其实如果需要更深的理解,更多需要理解libcontainer了。
主要有以下几个重要的文件需要理解
- factory.go
- container.go
- process.go
- init_linux.go
下面我们通过如何创建一个容器来剖析和理解上面的几个文件。
先调用spec, err := setupSpec(context)加载配置文件config.json的内容。此处是和咱们前面提到的OCI bundle 相关。
spec, err := setupSpec(context)
if err != nil {
return err
}
最终生成了Spec对象,spec定义如下:
// Spec is the base configuration for the container.
type Spec struct {
// Version of the Open Container Runtime Specification with which the bundle complies.
Version string `json:"ociVersion"`
// Process configures the container process.

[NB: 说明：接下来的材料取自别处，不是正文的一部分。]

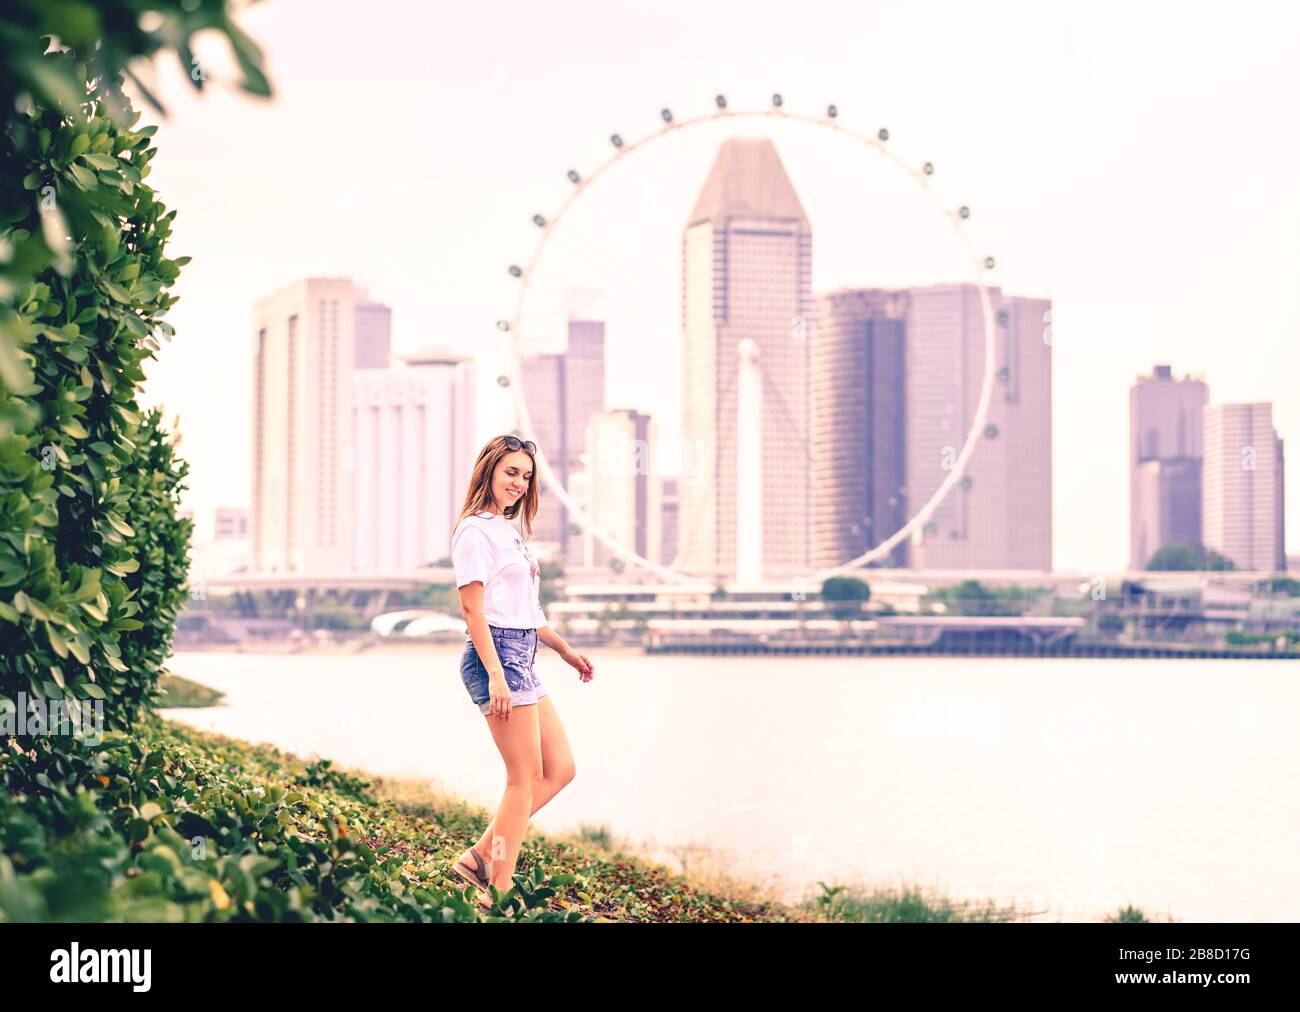 Donna di tendenza positiva in jeans shorts a piedi in un parco all'aperto con lo skyline urbano del centro città sullo sfondo. Stile di vita felice. Foto Stock

Process *Process `json:"process,omitempty"`
// Root configures the container's root filesystem.
Root *Root `json:"root,omitempty"`
// Hostname configures the container's hostname.
Hostname string `json:"hostname,omitempty"`
// Mounts configures additional mounts (on top of Root).
Mounts []Mount `json:"mounts,omitempty"`
// Hooks configures callbacks for container lifecycle events.
Hooks *Hooks `json:"hooks,omitempty" platform:"linux,solaris"`
// Annotations contains arbitrary metadata for the container.
Annotations map[string]string `json:"annotations,omitempty"`
// Linux is platform-specific configuration for Linux based containers.
Linux *Linux `json:"linux,omitempty" platform:"linux"`
// Solaris is platform-specific configuration for Solaris based containers.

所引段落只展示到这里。